I implemented work stealing queue inspired by Sean Parent's talk on code::dive 2016. Full implementation is here. I am looking to get feedback on improvements to make code more effective and common best practices.
TaskQueue
is thread safe task queue. It has pair of blocking Pop/Push
methods and non-blocking ones. Non-blocking methods are used in work stealing queue thread pool. Push
returns std::future
object. When m_done
flag is true tasks cannot be popped from the queue.
TaskQueue.h
#pragma once
#include <deque>
#include <optional>
#include <functional>
#include <condition_variable>
#include <future>
class TaskQueue
{
public:
using TaskType = std::function<void()>;
TaskQueue() = default;
~TaskQueue() = default;
TaskQueue(TaskQueue&&) = default;
TaskQueue& operator=(TaskQueue&&) = default;
void SetDone(bool done)
{
{
LockType lock{ m_mutex };
m_done = done;
}
if (done)
m_ready.notify_all();
}
auto IsDone() const
{
LockType lock{ m_mutex };
return m_done;
}
auto WaitAndPop(TaskType& task)
{
LockType lock{ m_mutex };
while (m_queue.empty() && !m_done)
m_ready.wait(lock);
if (!m_queue.empty() && !m_done)
{
task = std::move(m_queue.front());
m_queue.pop_front();
return true;
}
return false;
}
template<typename TTask>
auto Push(TTask&& task) // -> std::future<decltype(task())>
{
using TaskReturnType = decltype(task());
// std::packaged_task<> is move only type.
// We need to wrap it in a shared_ptr:
auto packagedTask = std::make_shared<std::packaged_task<TaskReturnType()>>(std::forward<TTask>(task));
auto future = packagedTask->get_future();
{
LockType lock{ m_mutex };
m_queue.emplace_back([packagedTask] { (*packagedTask)(); });
}
m_ready.notify_one();
return future;
}
auto TryPop(TaskType& task)
{
LockType lock{ m_mutex, std::try_to_lock };
if (!lock || m_queue.empty() || m_done)
return false;
task = move(m_queue.front());
m_queue.pop_front();
return true;
}
template<typename TTask>
auto TryPush(TTask&& task) -> std::optional<std::future<decltype(task())>>
{
using TaskReturnType = decltype(task());
// std::packaged_task<void()> is not movable
// We need to wrap it in a shared_ptr:
auto packagedTask = std::make_shared<std::packaged_task<TaskReturnType()>>(std::forward<TTask>(task));
auto future = packagedTask->get_future();
{
LockType lock{ m_mutex, std::try_to_lock };
if (!lock)
return {};
m_queue.emplace_back([packagedTask]() { (*packagedTask)(); });
}
m_ready.notify_one();
return future;
}
private:
using LockType = std::unique_lock<std::mutex>;
std::deque<TaskType> m_queue;
bool m_done{ false };
mutable std::mutex m_mutex;
std::condition_variable m_ready;
TaskQueue(const TaskQueue&) = delete;
TaskQueue& operator=(const TaskQueue&) = delete;
};
Work-stealing queue thread pool.
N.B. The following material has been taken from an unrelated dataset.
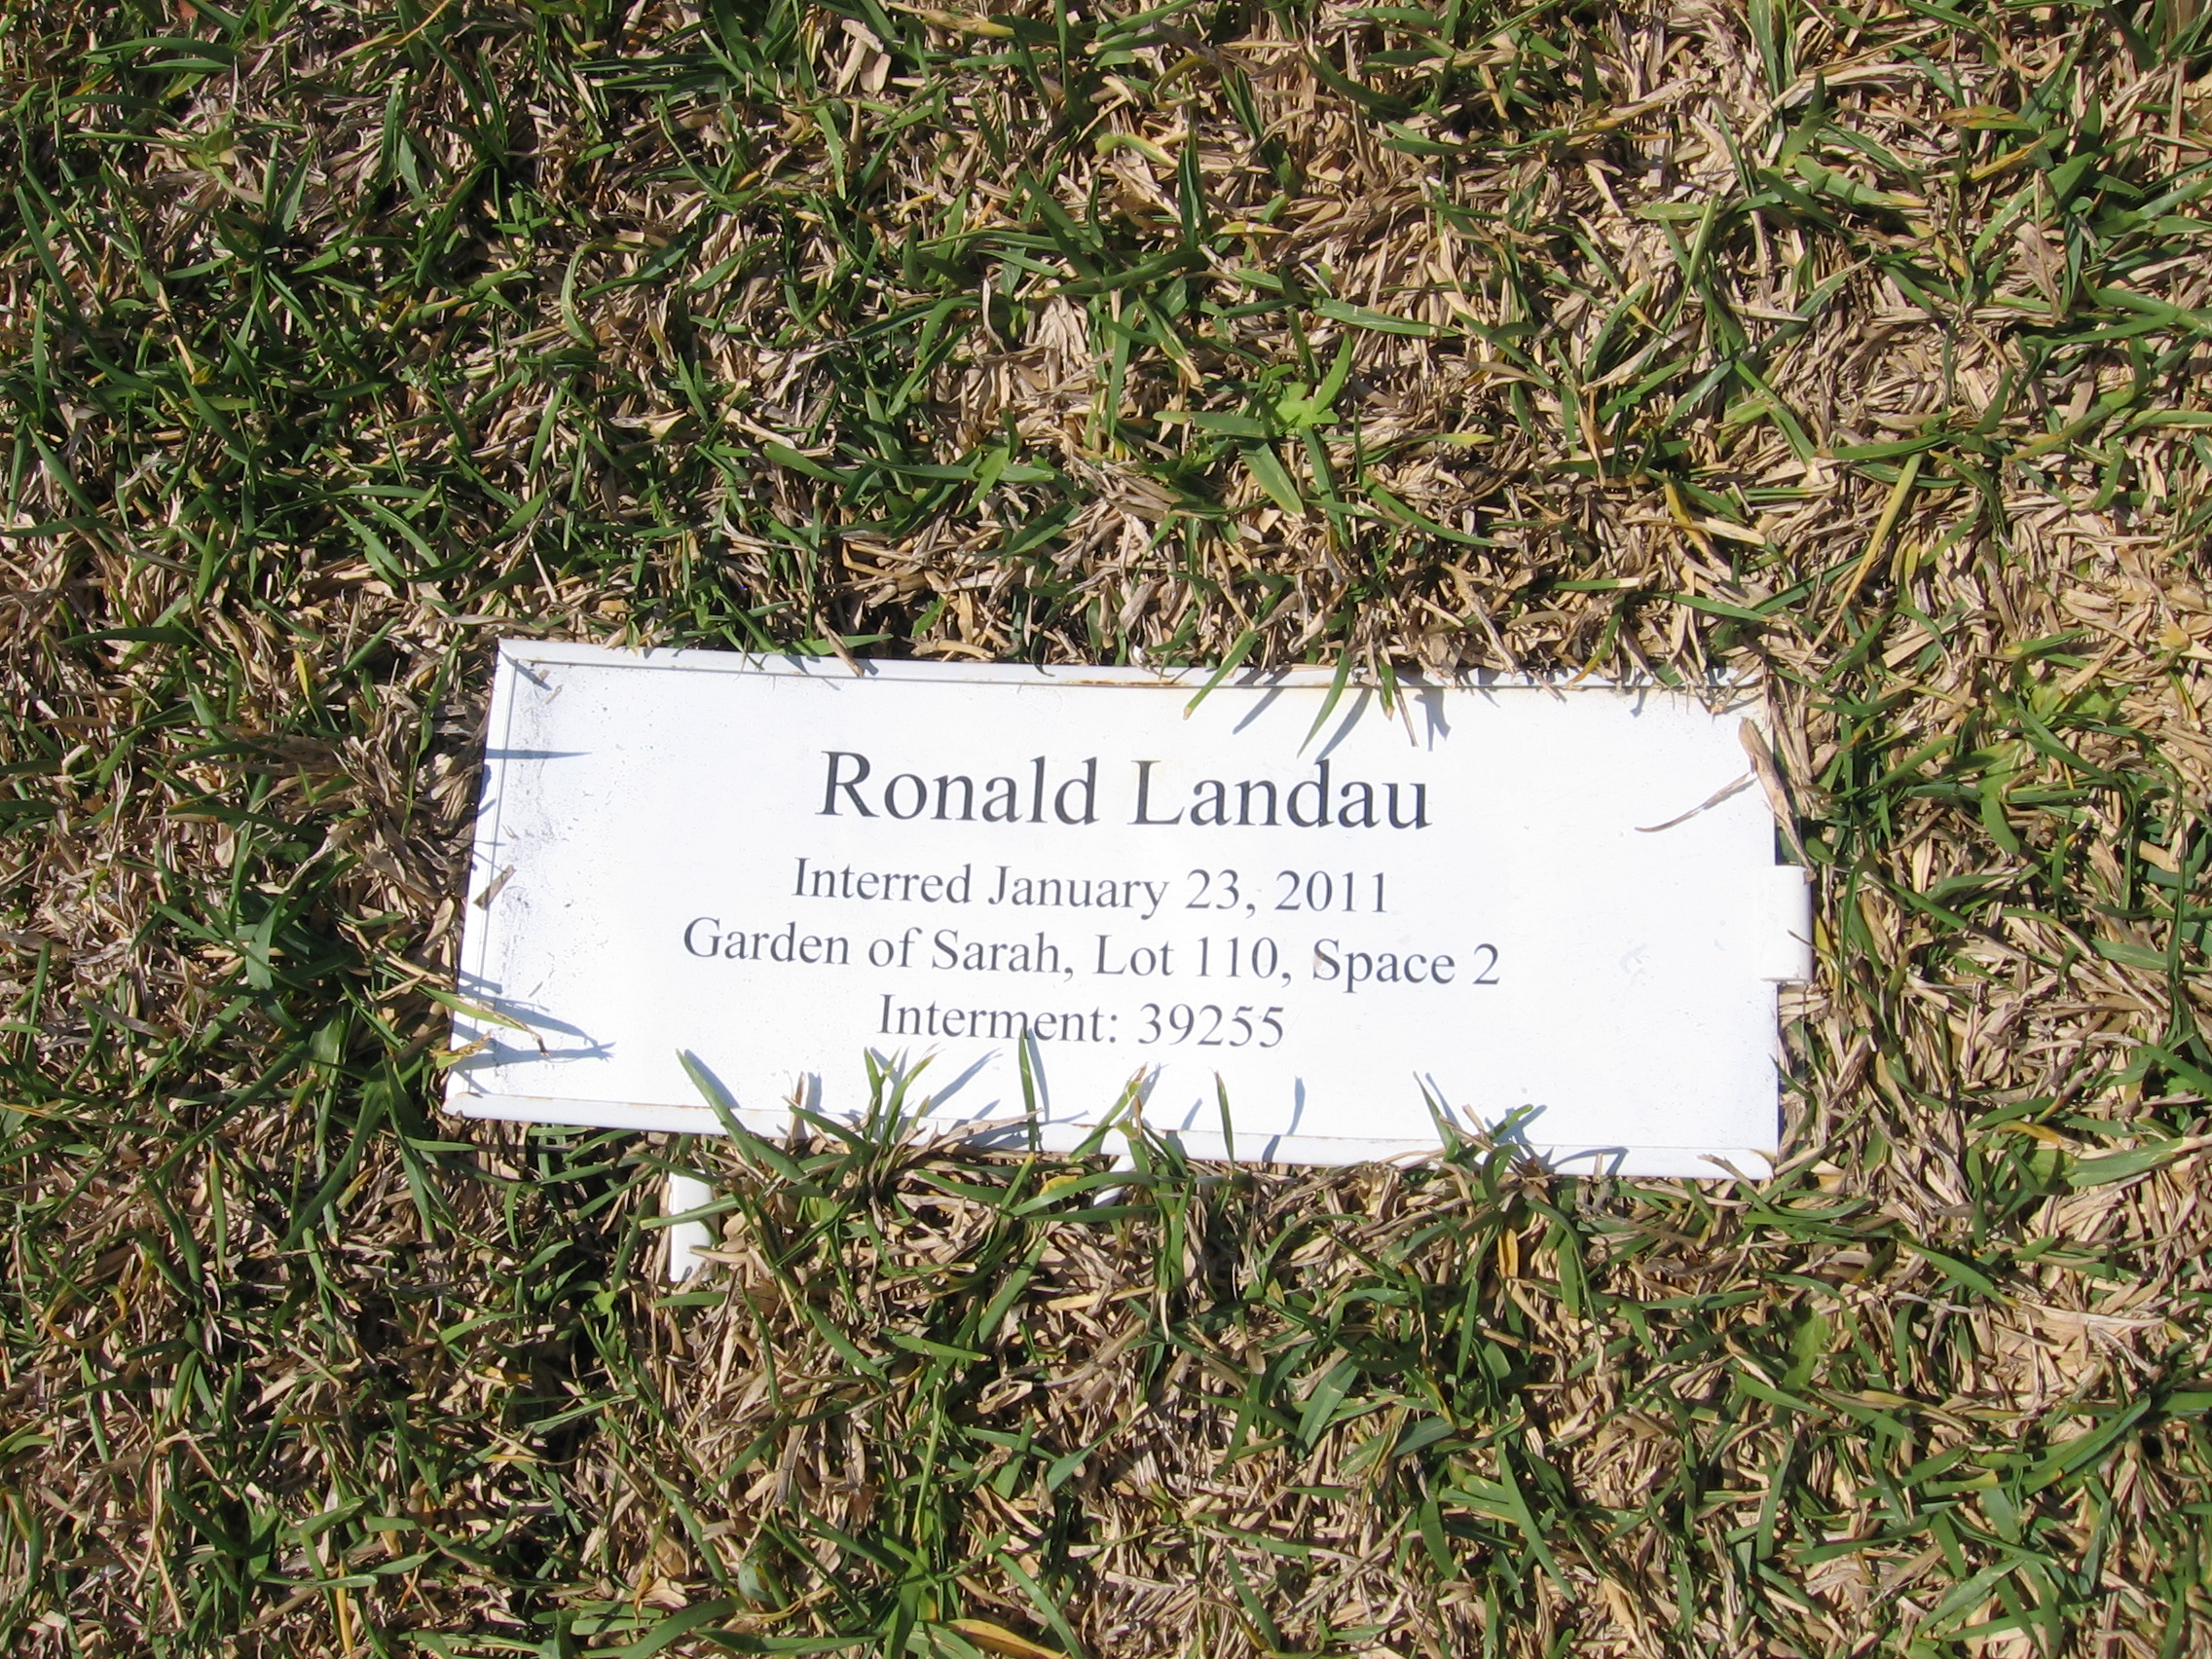 Ronald Landau

Each thread has its own task queue. The main idea of work stealing is to Pop/Push
tasks in queue that is not locked by another thread.
WorkStealingQueueThreadPool.h
#pragma once
#include "TaskQueue.h"
#include <algorithm>
#include <thread>
class WorkStealingQueueThreadPool
{
public:
explicit WorkStealingQueueThreadPool(size_t threadCount = std::max(2u, std::thread::hardware_concurrency()));
~WorkStealingQueueThreadPool();
template<typename TaskT>
auto ExecuteAsync(TaskT&& task)
{
const auto index = m_queueIndex++;
for (size_t n = 0; n != m_queueCount*m_tryoutCount; ++n)
{
auto result = m_queues[(index + n) % m_queueCount].TryPush(std::forward<TaskT>(task));
if (result.has_value())
return std::move(*result);
}
return m_queues[index % m_queueCount].Push(std::forward<TaskT>(task));
}
private:
void Run(size_t queueIndex);
std::vector<TaskQueue> m_queues;
size_t m_queueIndex{ 0 };
const size_t m_queueCount;
const size_t m_tryoutCount{ 1 };
std::vector<std::thread> m_threads;
};
WorkStealingQueueThreadPool::WorkStealingQueueThreadPool(size_t threadCount)
: m_queues{ threadCount }
, m_queueCount{ threadCount }
{
for (size_t index = 0; index != threadCount; ++index)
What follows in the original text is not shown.